● **Collected material**
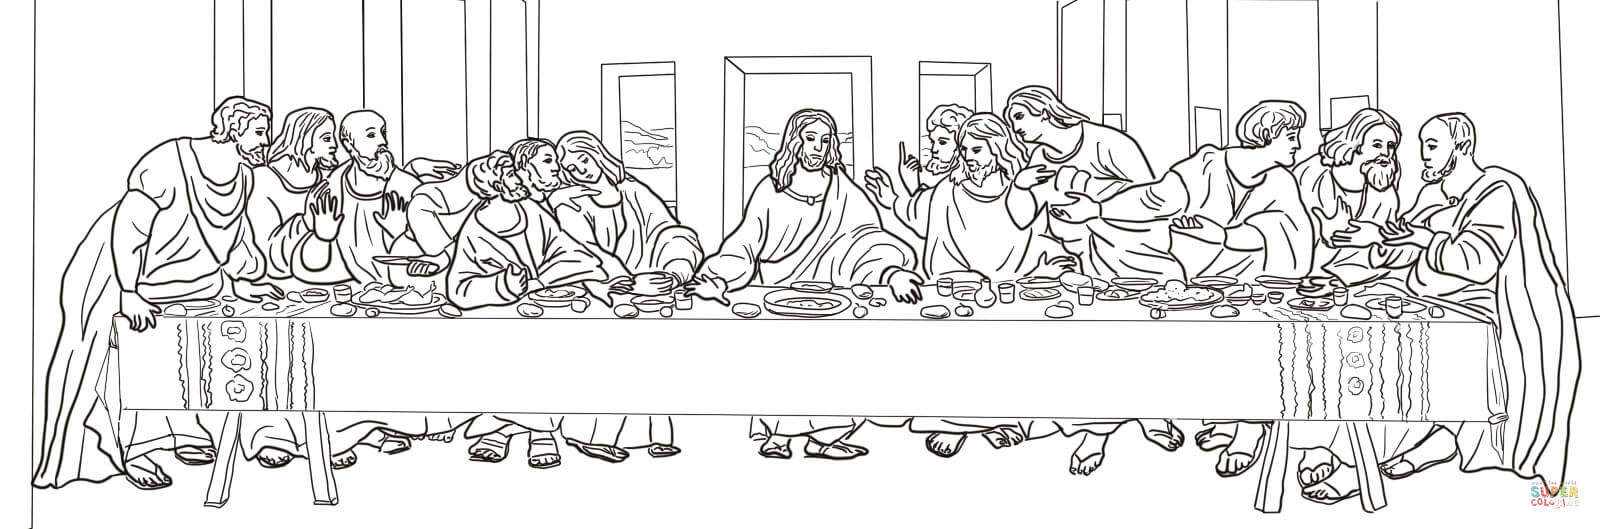 Leonardo Da Vinci The Last Supper Coloring Page The Last Supper Leonardo Da Vinci Coloring Page Free Printable
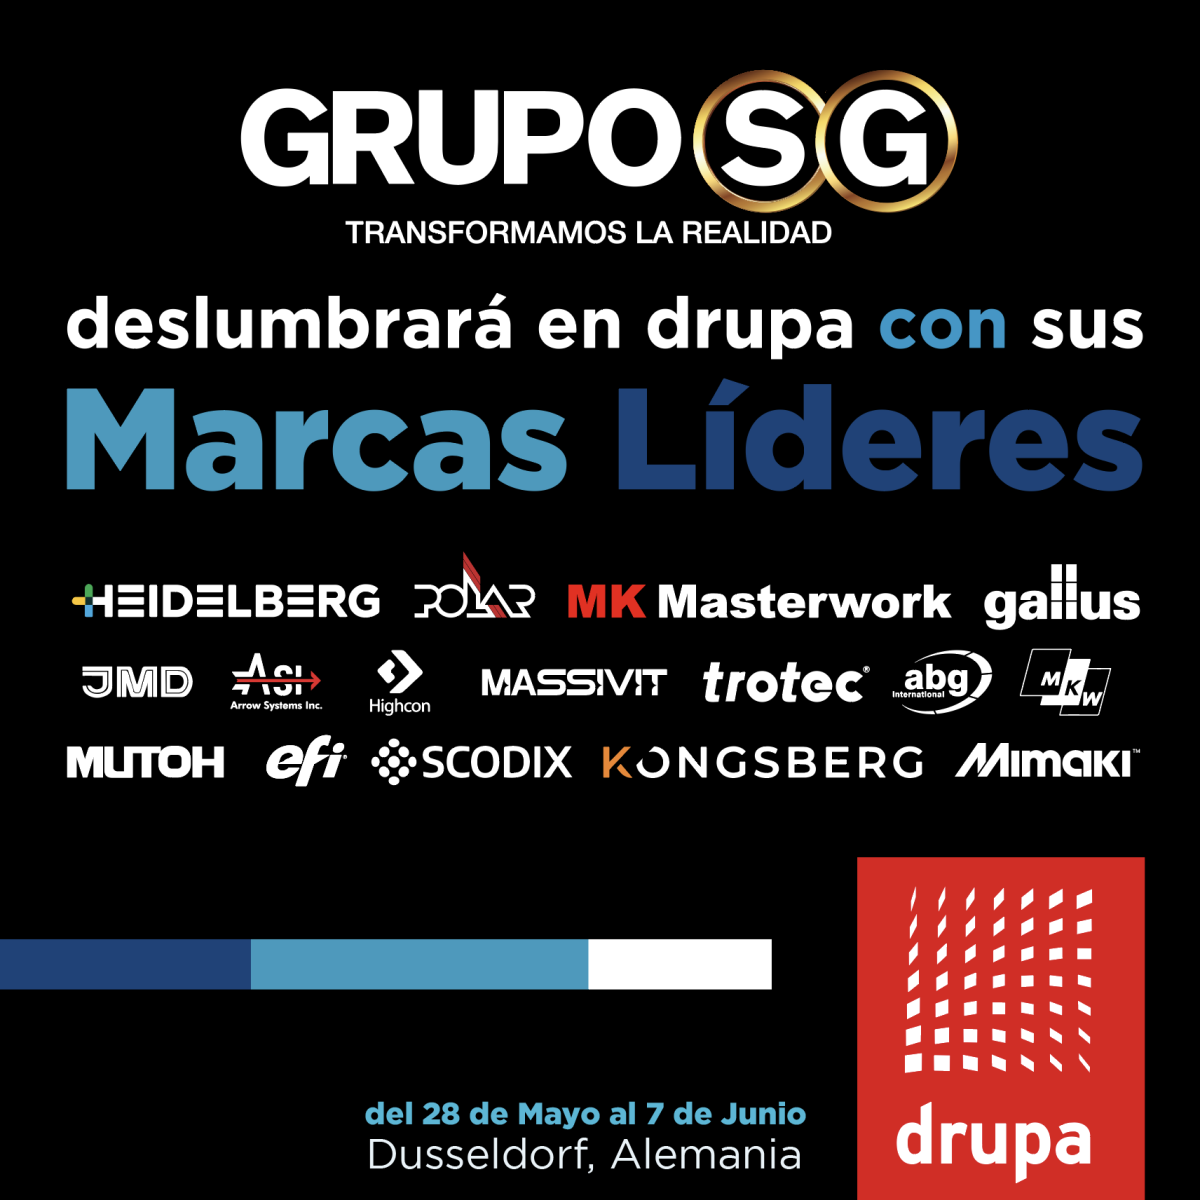 Grupo SG deslumbrará en drupa con sus marcas líderes | Del 28 de mayo al 7 de junio -Dusseldorf, Alemania
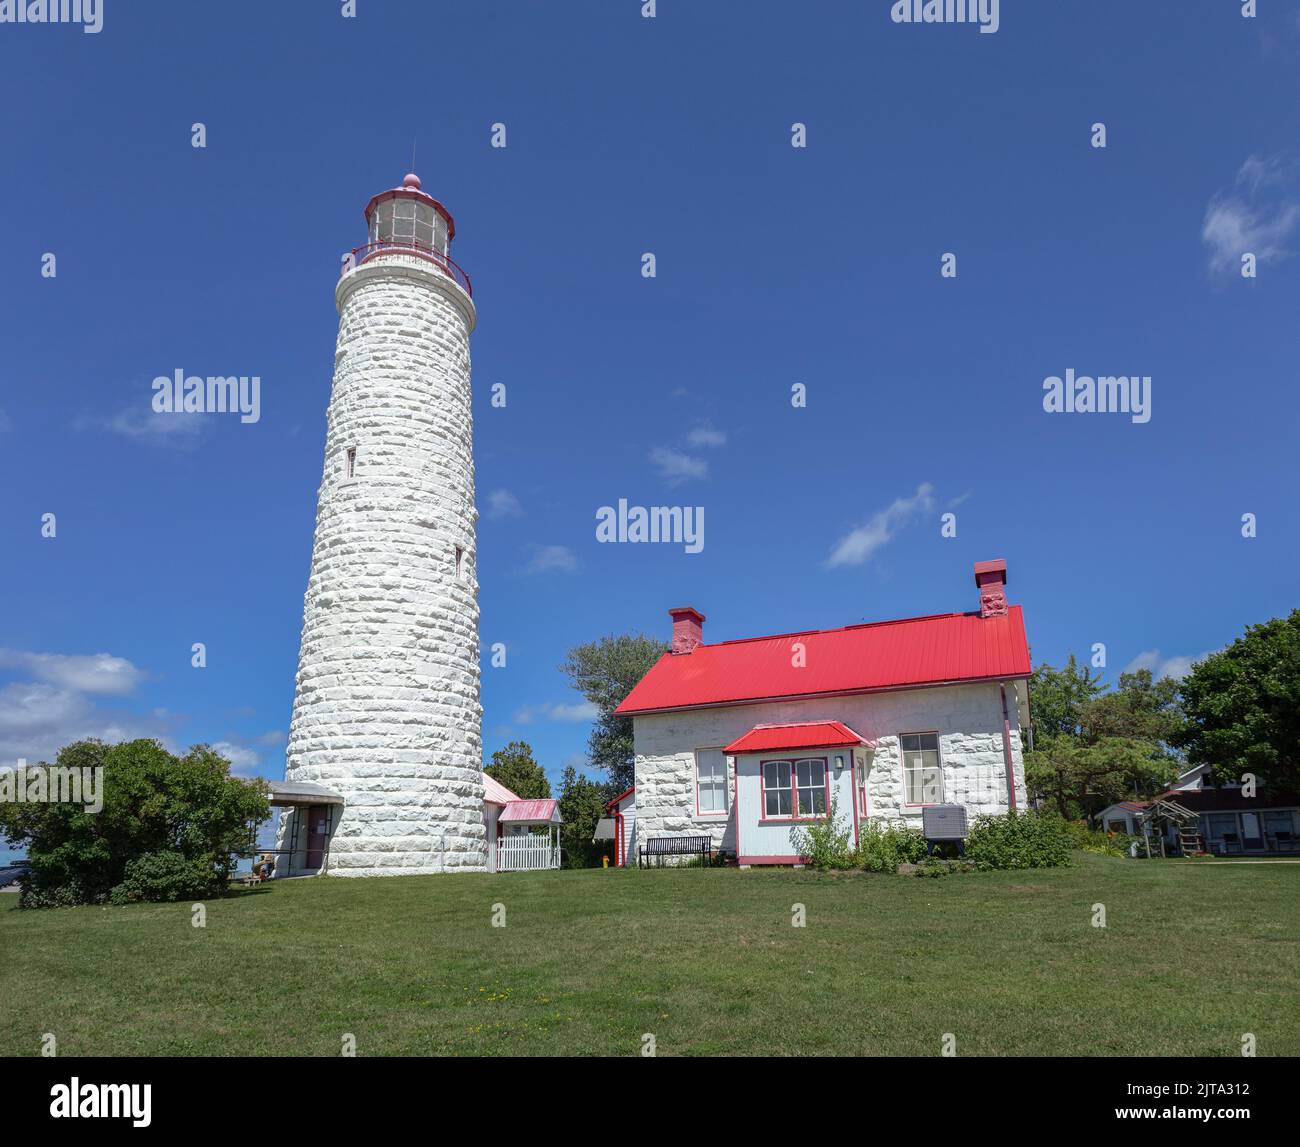 Point Clark Lighthouse construido en 1859 en las costas del Lago Huron Ontario, Canadá, Un faro de piedra Great Lakes Lighthouse National Historic Site de Canadá Foto de stock

● **Problem**
Please extract exactly the lines of the data, from the first through the line containing "Grupo SG deslumbrará", and add no pictures to the copy.

● **Task result**
 Leonardo Da Vinci The Last Supper Coloring Page The Last Supper Leonardo Da Vinci Coloring Page Free Printable
 Grupo SG deslumbrará en drupa con sus marcas líderes | Del 28 de mayo al 7 de junio -Dusseldorf, Alemania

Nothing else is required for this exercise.